First, let’s hear from the group that I call the enthusiasts (they are gathered up here in this corner of the room).  They say: “Yes, we are all Christians here.  We all believe in Jesus, we read the Bible, and we are trying to do the best we can.  But you and I know that enthusiasm is the most important thing in the Christian life.  Those of us who are really full of the Spirit know that.  Sometimes when we’re talking about our faith we get carried away and start talking in languages we don’t even understand.  The gift of speaking in tongues is the most important gift.  Now it is the people who have that kind of faith who are the first-class Christians around here.”

Back in the other corner there’s a quiet group of thinkers.  They look up from their books for a moment and say: “That is very interesting the way you are acting over there.  We also believe that there is a place for emotion in religion, but isn’t it really more important that we understand our faith – it’s Biblical basis, it’s theological shape, it’s historical development, and it’s contemporary ethical relevance?  Isn’t it more important that we be able to make, on behalf of the faith, not scrambled, babbling statements of enthusiasm, but clear, cogent and responsible statements of understanding.  Now, it is those of us who have this kind of understanding who really are the first-class Christians around here.”

Over on the other side, there’s a group down on their knees, praying.  They look up, and say; “Yes, enthusiasm is fine, and all those theological ideas are interesting, but you and I know that it is prayer that really matters.  When the Church moves forward, it moves forward on its knees.  It is those of us who have mastered the art of prayer who are on to the real thing.  When we pray, people get well, God hears us and answers us.  Where would the Church be without the spiritual empowerment of our kind of praying?  We are the ones who really understand what it’s all about.  We are the first-class Christians around here.”

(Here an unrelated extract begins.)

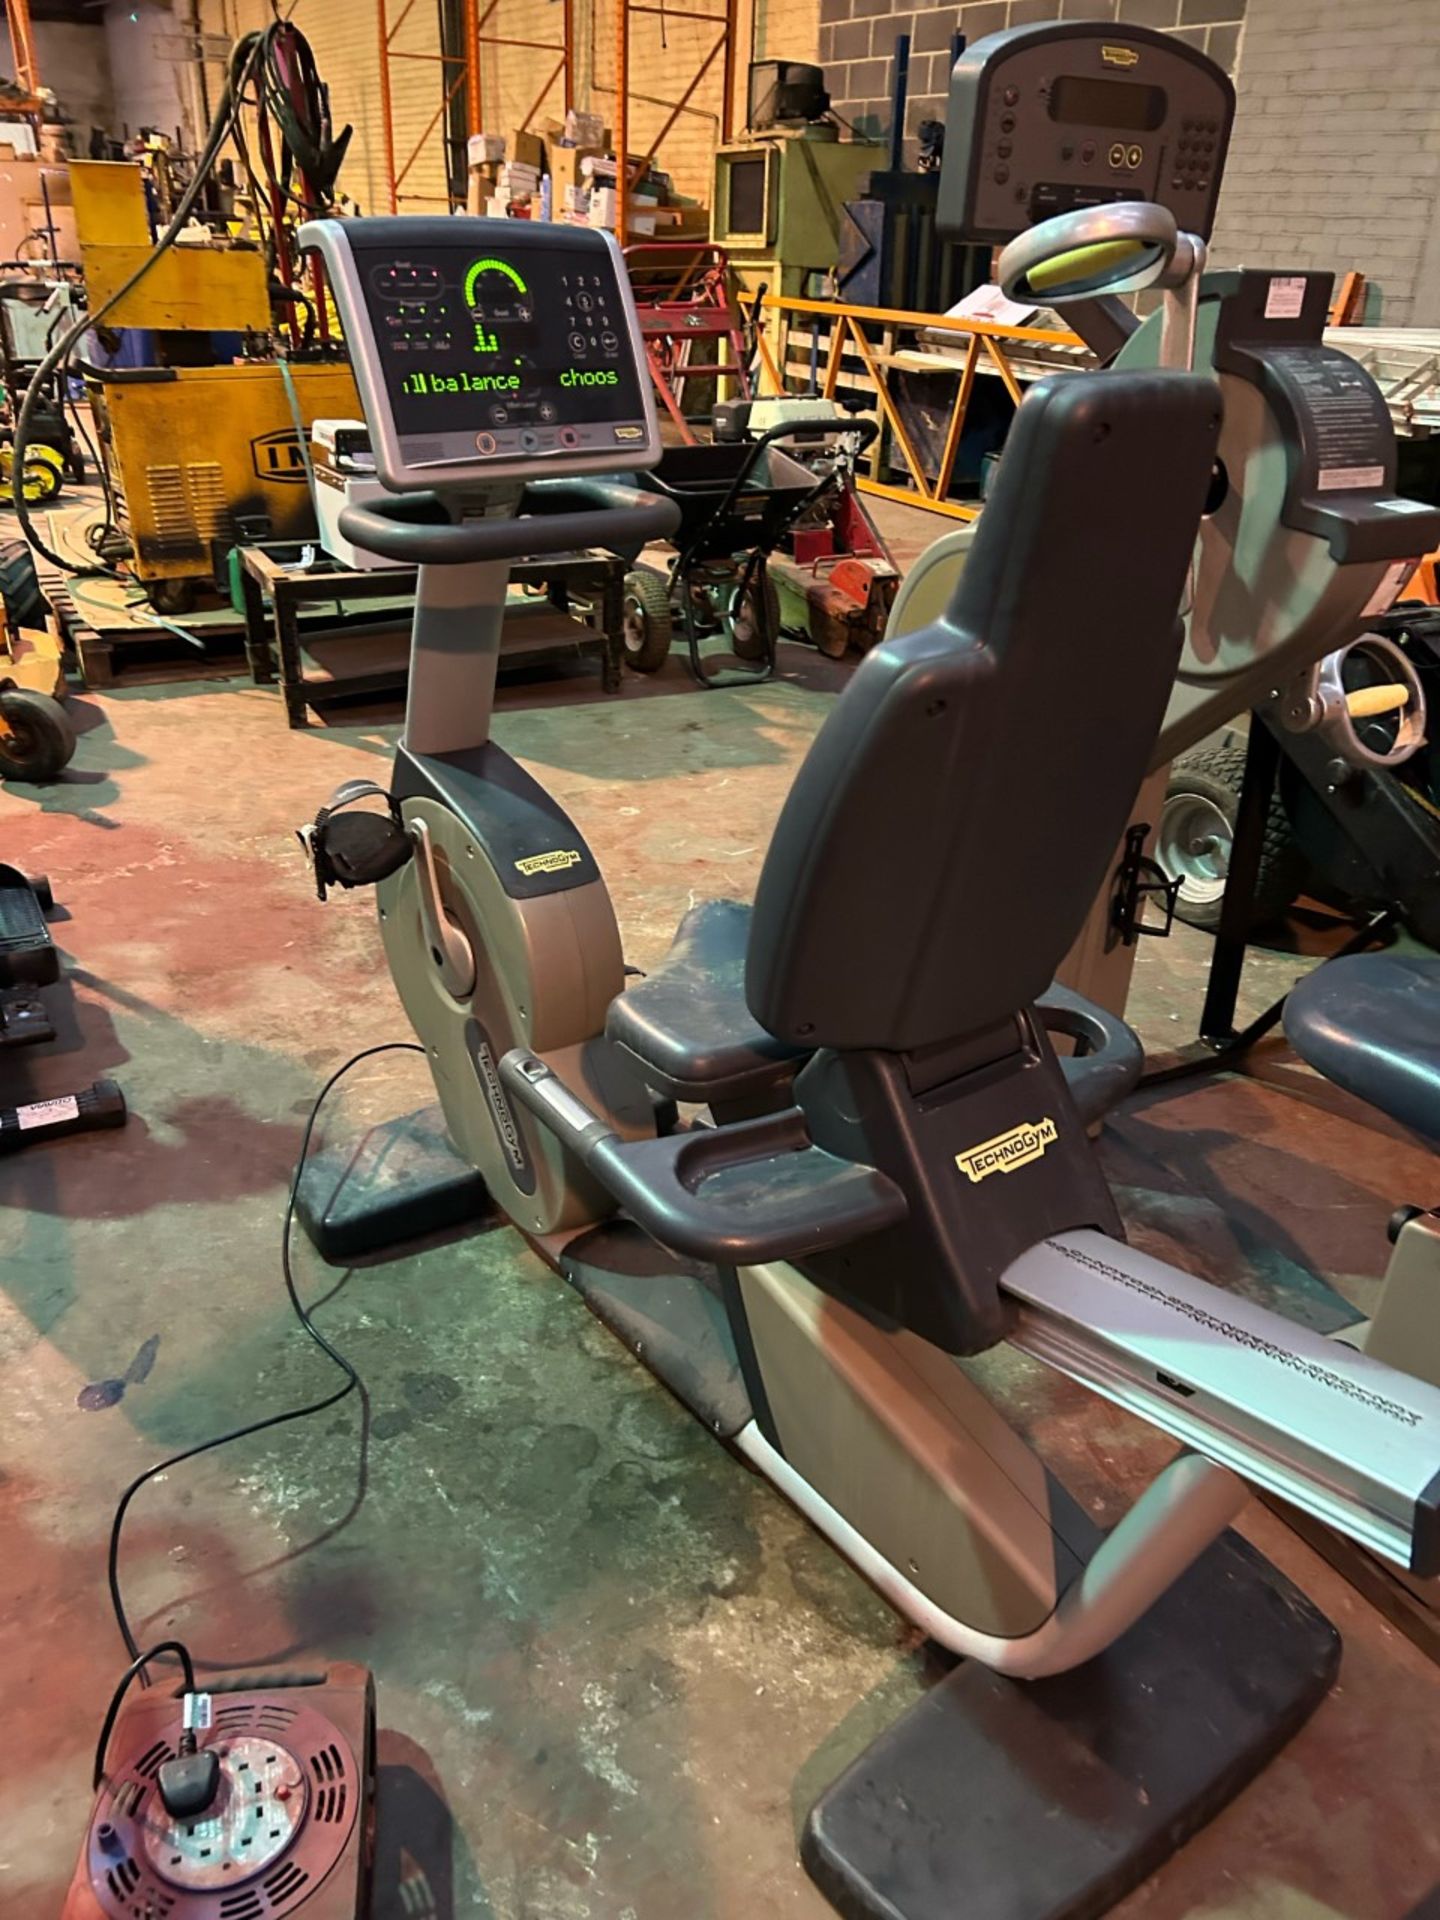 Technogym excite 700i recline recumbent exercise bike. Excellent condition, full working order - Image 2 of 2

Out in the hall by the kitchen, some people stop what they are doing and say: “All that enthusiasm is fine, and all that theology is interesting.  We get worked up once in a while.  We read the lessons.  Every once in while we even know what the preacher is talking about.  We pray every night – we haven’t moved any mountains lately, but you and I know that when there’s some work to be done down at the church, something real, something important –  like cooking a meal, visiting the sick, writing letters to Amnesty International, helping at the Food Bank or raising money for the Mission & Service Fund  – we are the ones who are there.  We are the ones who understand what is really important, we are the first-class Christians around here.”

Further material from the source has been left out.